Deleted Scenes: The Enemy Is Dead, Long Live The Enemy

In movies, there sometimes are villains who are so malevolent, so unredeemable, so hopelessly lost and vile of soul, that they must be destroyed. Emperor Palpatine in Star Wars, any number of Western evildoers, or, hell, the crazy octobutt lady from The Little Mermaid. These characters are written essentially as a vehicle for conflict resolution, and because there could never be any hope of turning them around or bringing them back from the darkness they’ve fallen into and become, we as the audience rejoice at their demise, saying, “It was all that could be done.”

Some villains, in film, in literature—and apparently in life—are too evil to be left alive.

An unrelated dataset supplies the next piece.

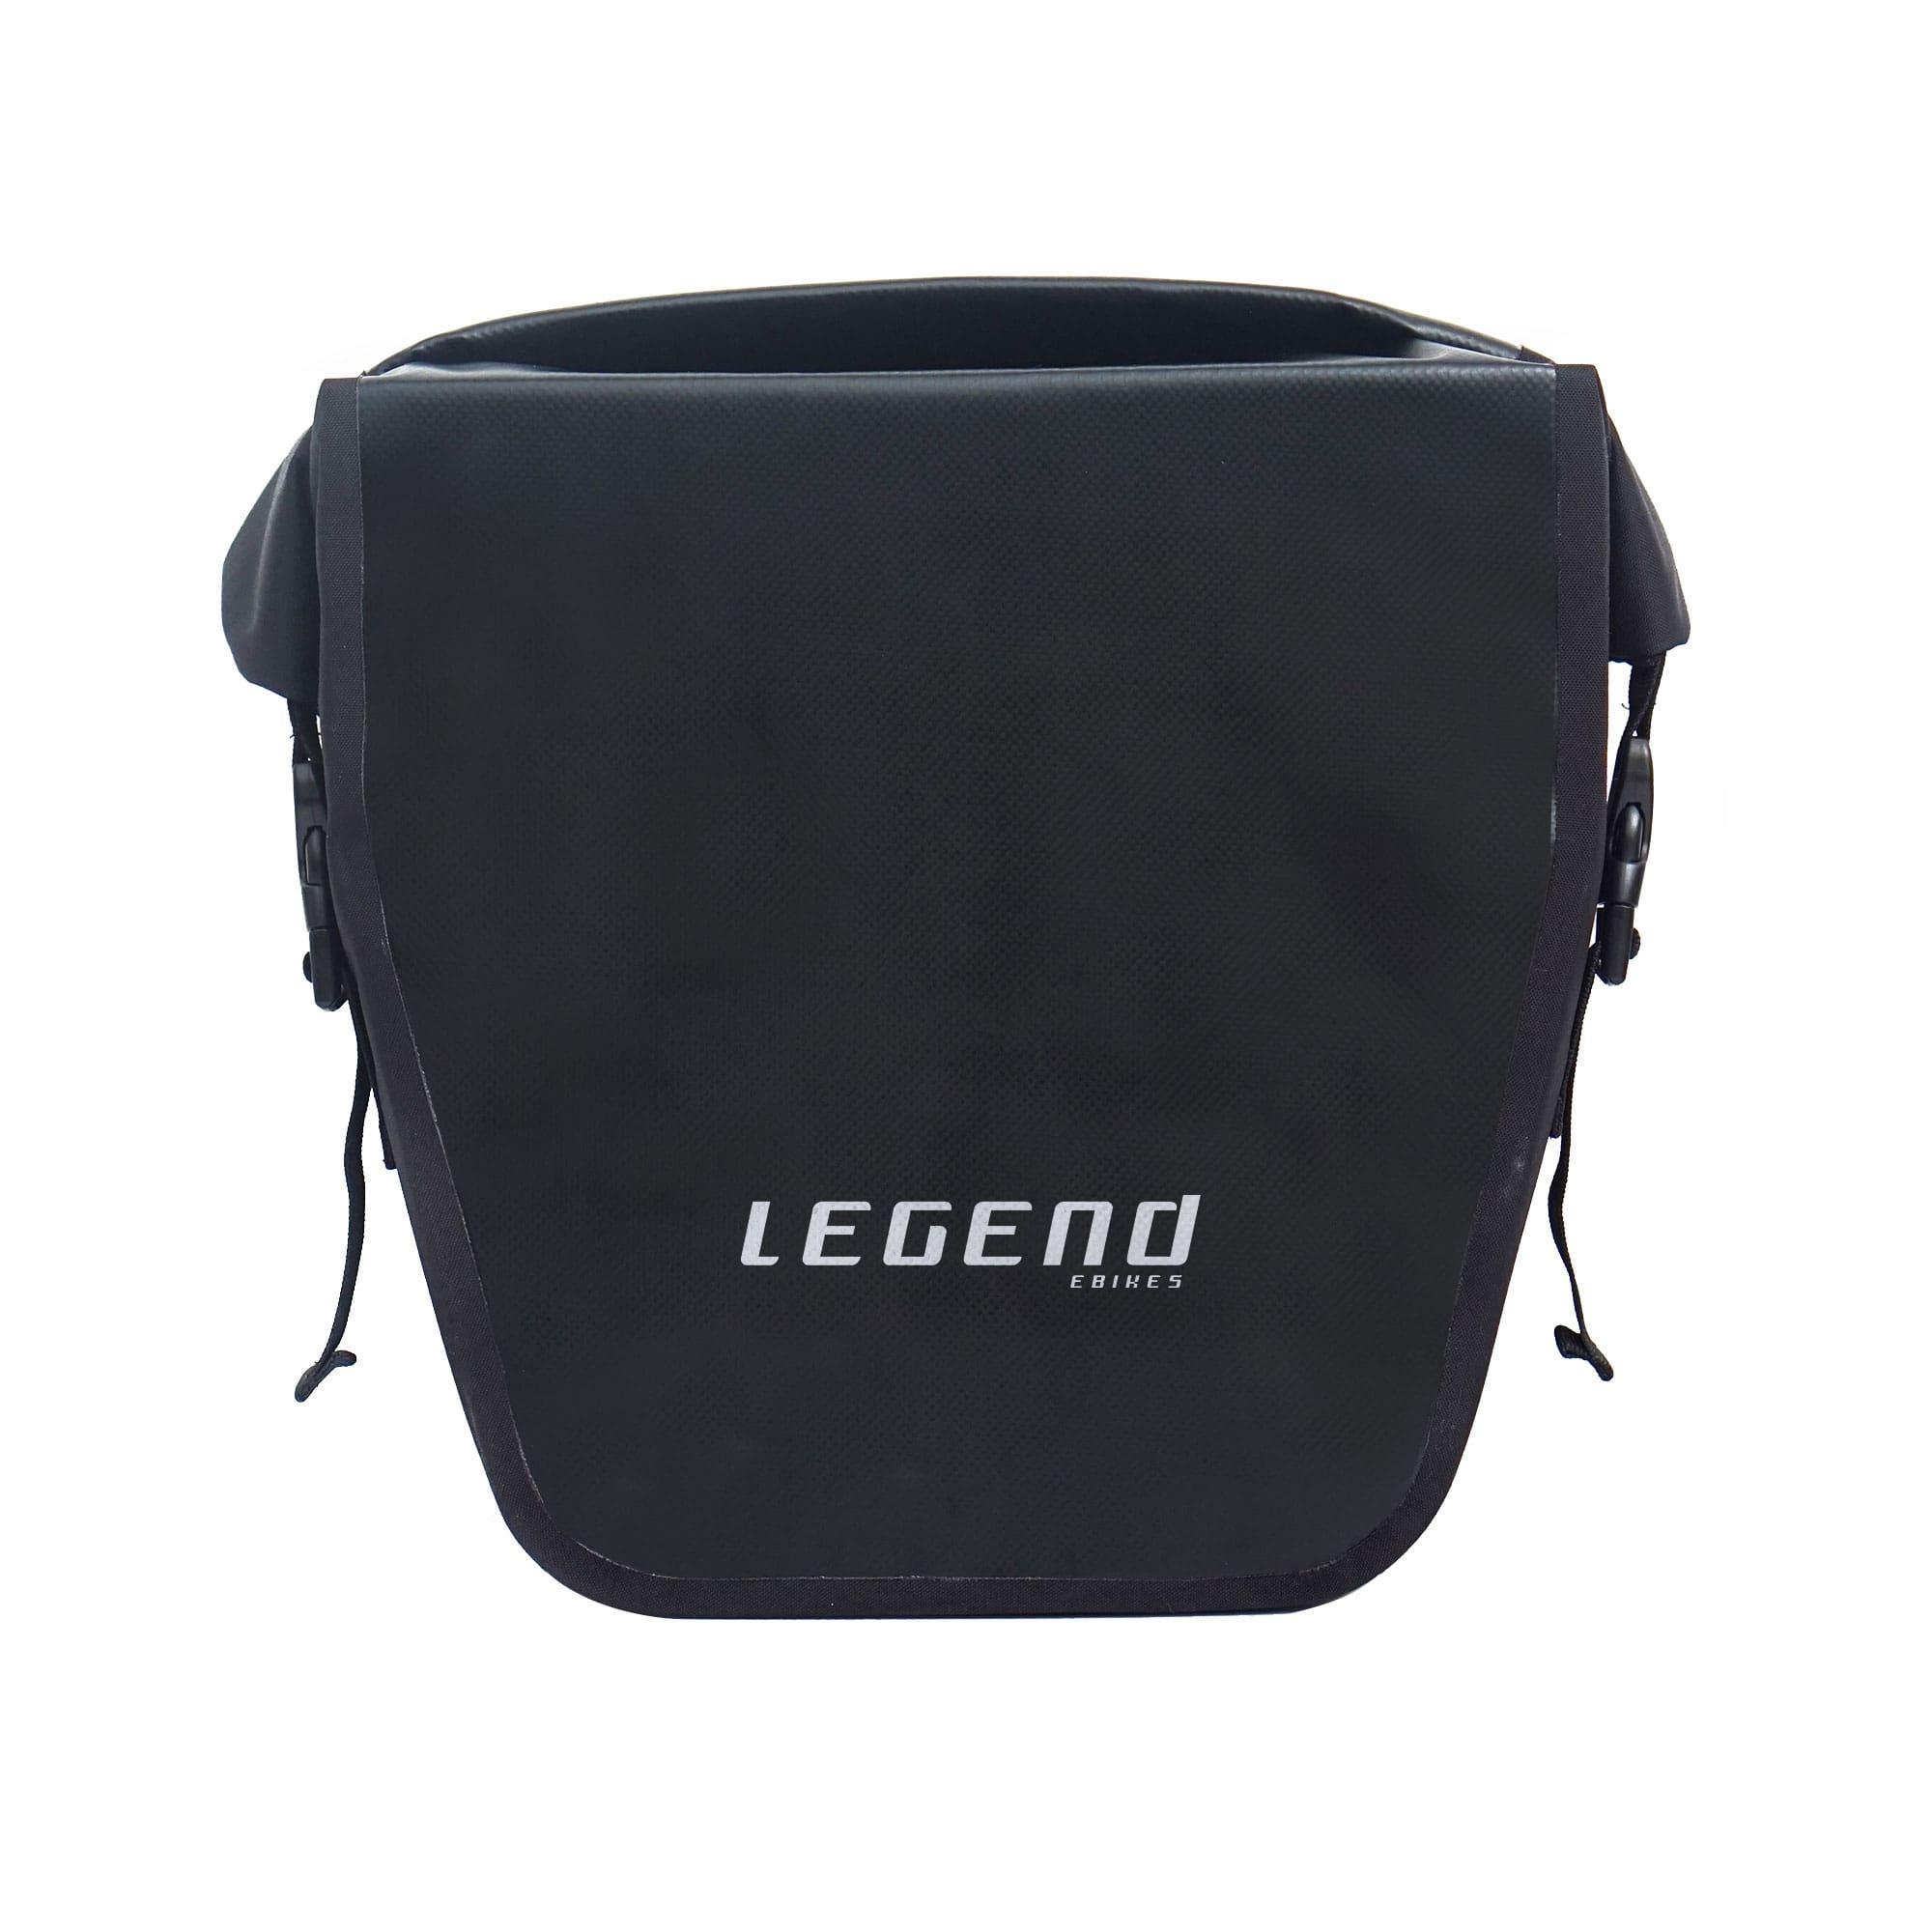 Legend wasserdichte grosse Packtasche 1 Stueck Schwarz

For the last decade, the U.S. has painted Osama Bin Laden as one such villain. We all remember 9/11, the panic and terror that followed, the unnervingly jingoistic marches into Afghanistan and Iraq, the “Wanted: Dead Or Alive” posters, the video footage out of the Middle East, our men and women going off to fight, and as the people of the region that gave us agriculture and the founding elements of what we currently think of as existence stand up and demand the governmental representation that the West has been heralding as their birthright and Osama Bin Laden is killed in a raid on a mansion/compound in Abbottabad, Pakistan—where we all knew he was, anyway—I have to wonder: What exactly are we celebrating?

Because I’ve yet to learn my lesson, I turned on CNN after my wife told me the news she’d seen on the Internet, and we watched as a crowd of stupid teenagers gathered outside the White House, egged on by news cameras to yuck it up, chant “U.S.A! U.S.A.!” and the national anthem. It looked like the beginnings of a Girls Gone Wild video, and once again, I was fucking embarrassed to exist.

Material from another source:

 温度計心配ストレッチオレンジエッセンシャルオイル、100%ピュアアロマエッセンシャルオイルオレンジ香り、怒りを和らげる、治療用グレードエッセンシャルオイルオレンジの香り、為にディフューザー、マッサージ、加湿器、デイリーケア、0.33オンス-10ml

We do not deserve to rejoice at the death of Osama Bin Laden, or of anyone. As a nation, we’ve spent a decade lamenting 3,000+ people who died when planes met skyscrapers. From flags on cars to troops on the ground, the terror attacks of September 11, 2001, have literally been the defining moment in American foreign policy for the last decade, for better or worse—usually worse—and now that Osama Bin Laden, the Al Qaeda figurehead said to be responsible for implementing those attacks, is dead, we celebrate? It’s time to sober up, kids. Time to take that blue and red paint off your face. We should be mourning.

If you believe in the value of human life, that means everybody. Sorry to say it, but it’s true. Whether it’s an American soldier or an Iraqi freedom fighter, Afghani warlord or, yes, even Osama Bin Laden, if you believe that all life is imbued with dignity and intrinsic value, then considering all of the people who’ve lost their lives over the course of our wars in Afghanistan and Iraq—on all sides—it makes me sick to think of American children throwing their hands in the air and raising flags to herald the death of Bin Laden. Congratulations, you’ve learned nothing, and it only came at the price of bankrupting the nation.

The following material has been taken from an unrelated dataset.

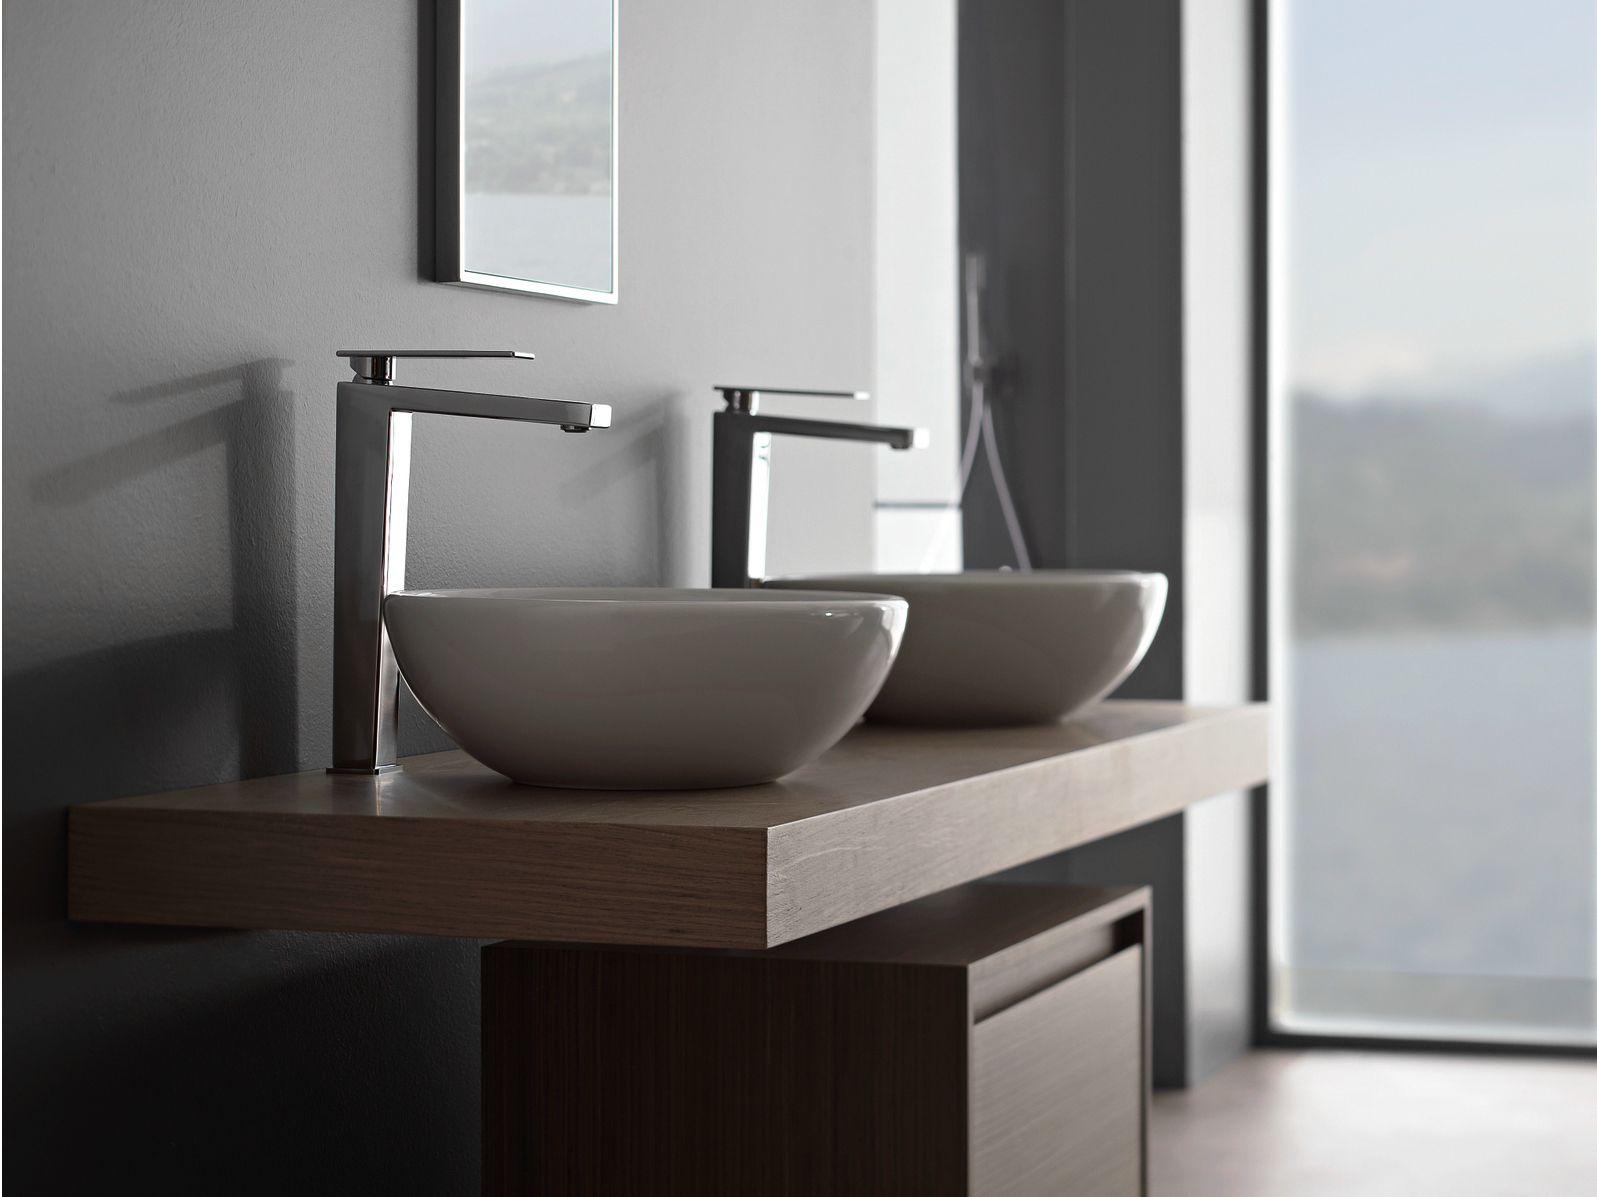 Mobili bagno moderni design: mobili bagno moderni di bmt ...

I’m not saying America or its people should be mourning Bin Laden, but at least take a lucid look at the world that created him and our part in it.

I don’t know if Osama Bin Laden was too evil to be left alive, and at this point, it doesn’t matter. His function was more or less as a symbol of defiance against American imperial will, and we showed that such defiance has only one end, even if that end comes a decade later. Who it really means something for is President Obama, who strutted up to the podium to deliver the confirmation last night (May 1), every inch the cowboy George W. Bush never was, knowing for sure that he just sealed his reelection no matter what happens economically between then and now. I mean, seriously, this is the President who ended “Don’t Ask Don’t Tell” and killed Osama Bin Laden. He’s got something for everyone, and if you missed the birth certificate, he’s even American!

Maybe shooting Bin Laden gives 9/11 families some sense of peace or closure, but honestly, I hope not. Because that would mean that we as a people have hit the point where the only thing that satisfies our bloodlust is revenge, and what’s more villainous than that? Osama Bin Laden is dead. So are a lot of other people, and if you think it’s alright to pick and choose who deserves to live and who deserves to die, then you’ve obviously lost sight of what got us into this mess in the first place.